Attending the demonstration, Denise Fox, a casualty nurse at Stockport Infirmary, told Health Services, the journal of the Confederation of Health Service Employees (COHSE), 'we're here to improve the Health Service, for the patients mostly. In Stockport, everything is being cut – meals, staff, wards, the lot'.2 Fox's presence on the demonstration and her comments encapsulate several developments during the 1970s. As the high tide of production worker militancy began a gradual recession from 1974, union density in the public sector continued to rise. Remarkably, the November 1976 protest marked the first national demonstration against cuts to the National Health Service, anticipating the significant presence that its workforce would come to have in British political culture in the following decades. Fox's argument, that collective protest by staff was vital to defend patients and the NHS, would become a familiar one.

Photographs of that demonstration throw light on the changing face of trade-unionism and the politics of work.
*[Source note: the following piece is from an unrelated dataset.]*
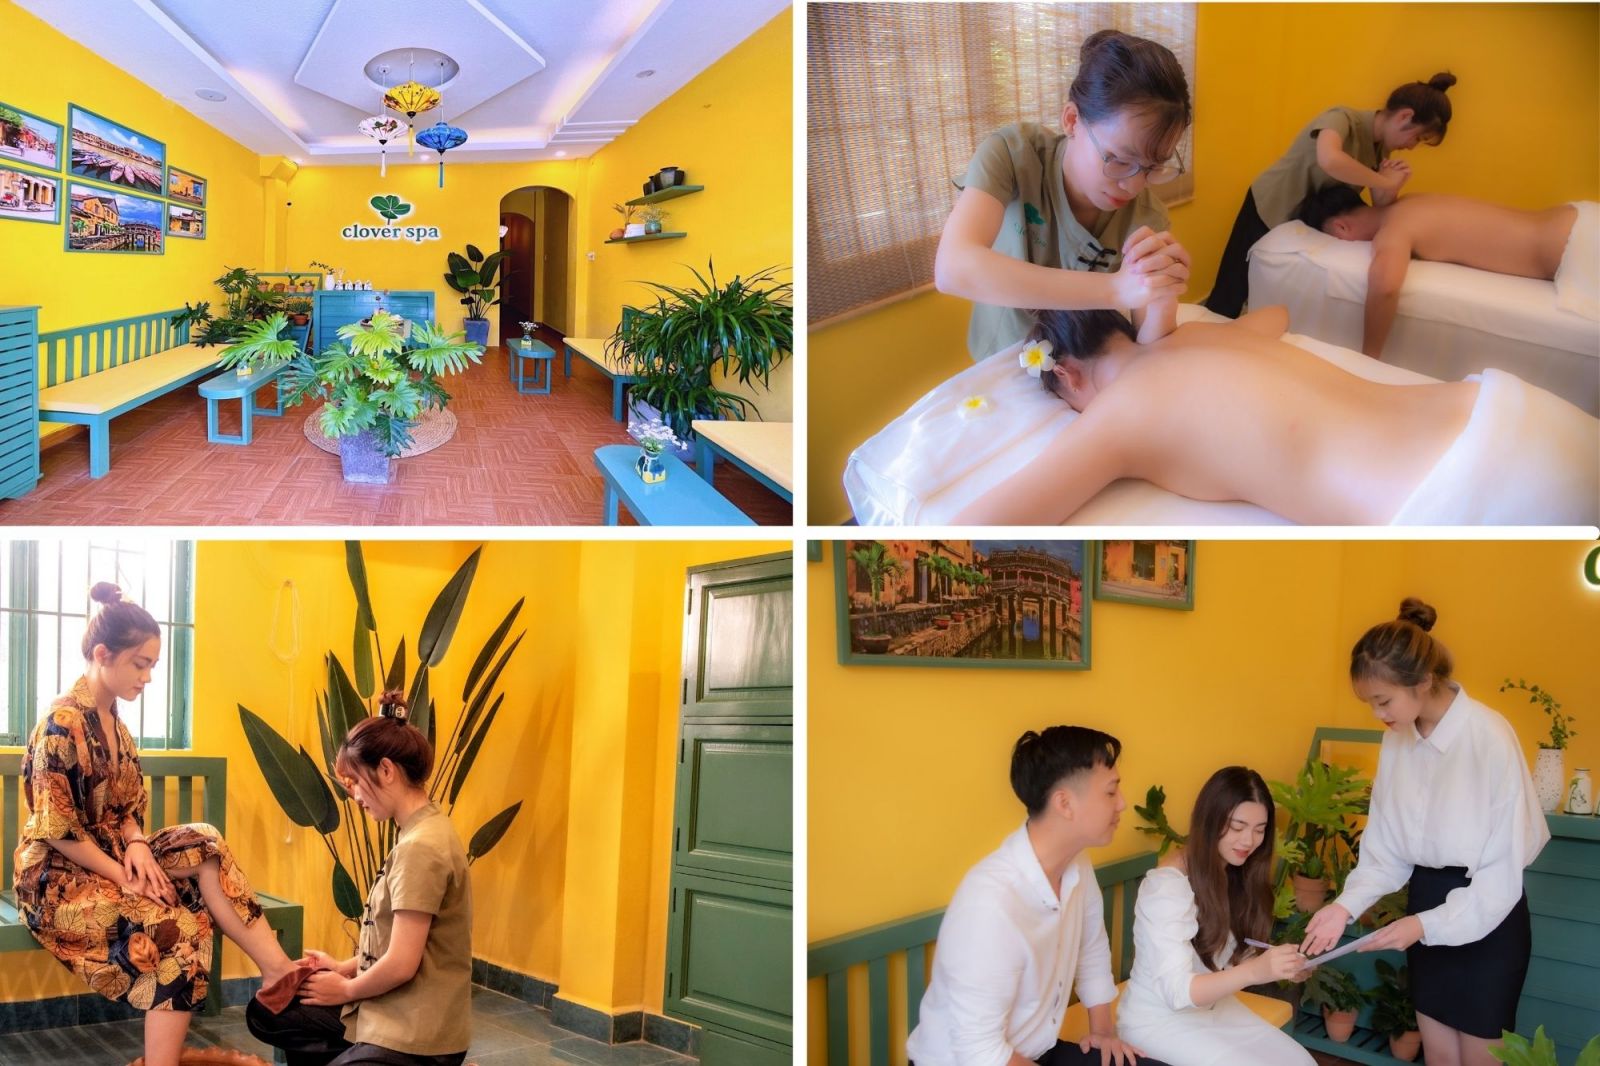 quy trình massage tại Clover spa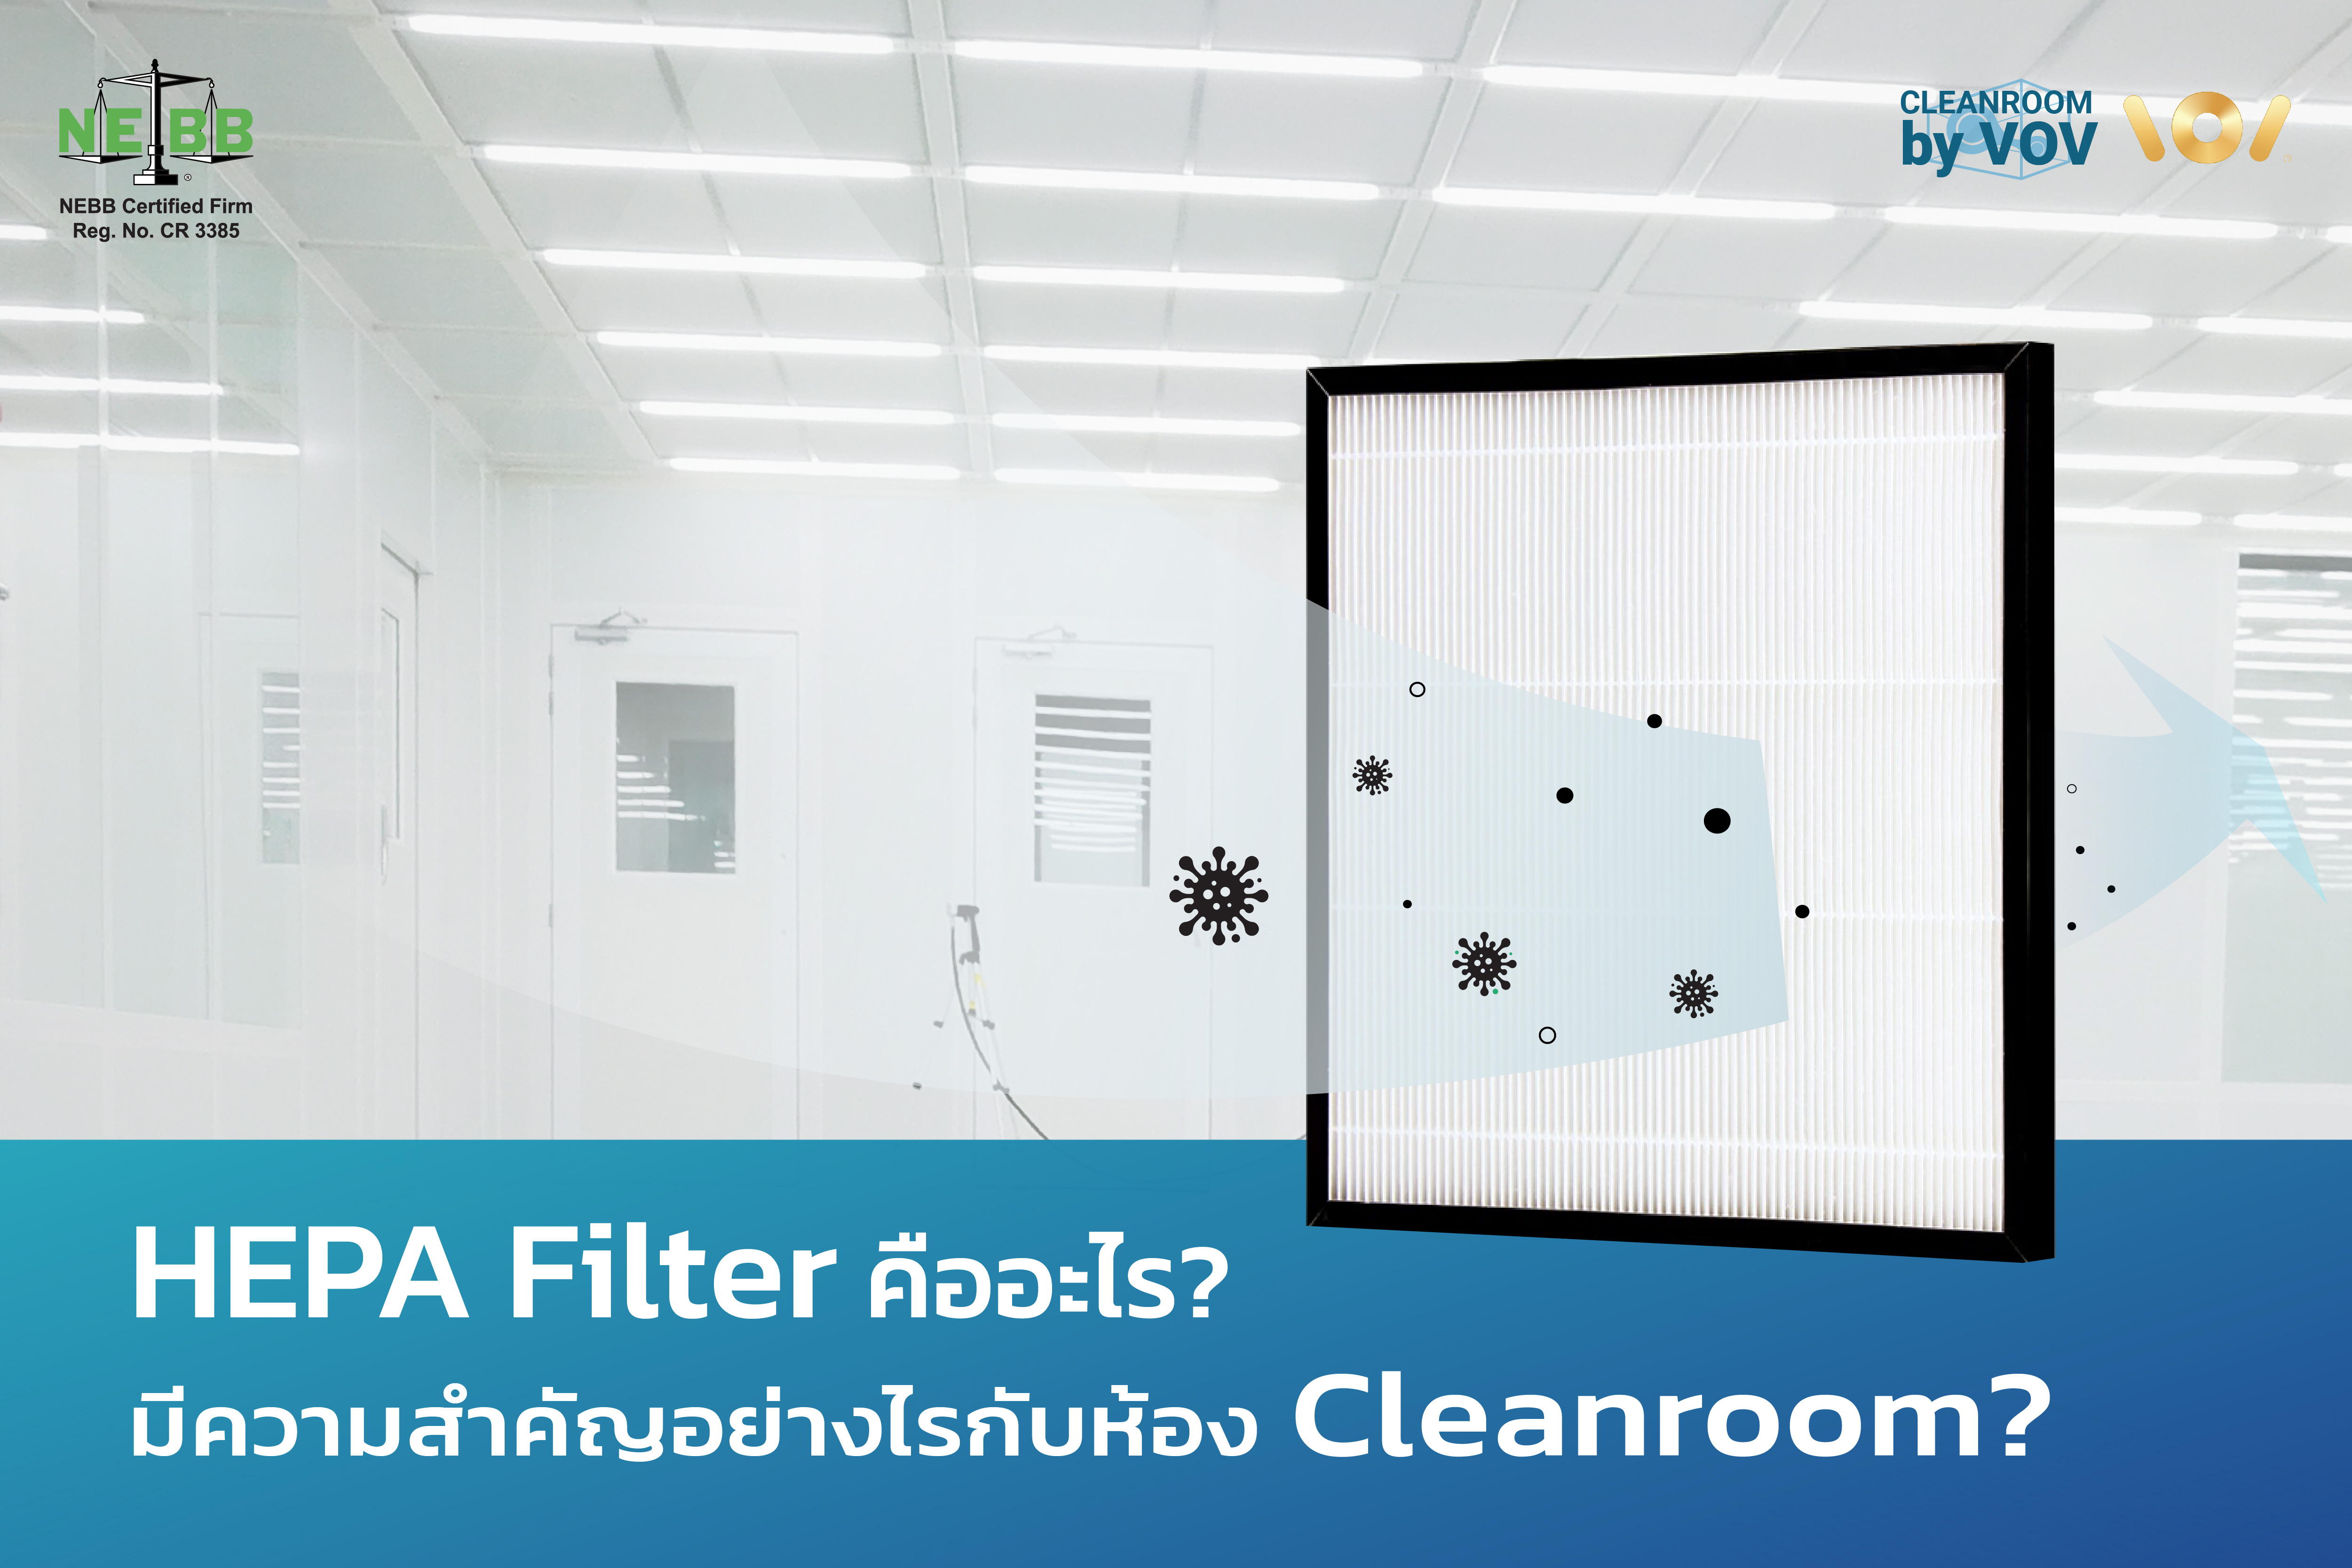 ทำความรู้จัก แผ่นกรอง HEPA Filter คืออะไร? ทำไมสำคัญต่อ Cleanroom

Although some of those printed by Health Services still featured the familiar white male trade-union leaders, in others we see young women and people of colour, offering us a less expected image of worker protest in 1970s Britain. Public Employees, the journal of the National Union of Public Employees (NUPE), founded in 1931, carried similar photographs in their December 1976 edition, showing large groups [End Page 205] of women carrying union banners through the streets, including nurses in full uniform.

By 1976 such sights were coming to characterize a labour movement that was changing, both in its demographics and in how it represented itself – its visual culture.3 Both women4 and black people5 were by now more and more likely to join trade unions; indeed the latter actually had slightly higher levels of union density than white people.6 Yet until recently historical accounts of the labour movement rarely examined how this changing composition of workers' organizations played out in everyday life.7 This is in part because they have often worked with aggregated figures rather than images or quotidian interactions. The mass armies of workers described are seldom analysed in terms of demographics, and by default are therefore mostly coded white and male.8 In this article I use both images and more intimate documents, principally union minutes, to show how in the 1970s women working in the health service claimed an increasingly important space in the public sphere to demonstrate collective power, as well as to examine the process by which that space was won.

IMAGES OF WORKERS

Academic labour histories seldom make use of imagery in analysing the development of labour protest in the second half of the twentieth century. Photographs of workers – at work, out of work, organizing, protesting or taking direct action – sometimes feature for illustrative purposes but rarely to advance understanding of the workplace and its culture. Yet images are central to the ways in which the world around us is conveyed and constructed.9 As Stephen Brooke has argued, photographs of working-class life yield considerable insight into the ways in which communities changed, into the uses of space and into identities, both those projected on to people and those they looked to forge for themselves.10

The photographs held in the NUPE archive at the Modern Records Centre are an important resource...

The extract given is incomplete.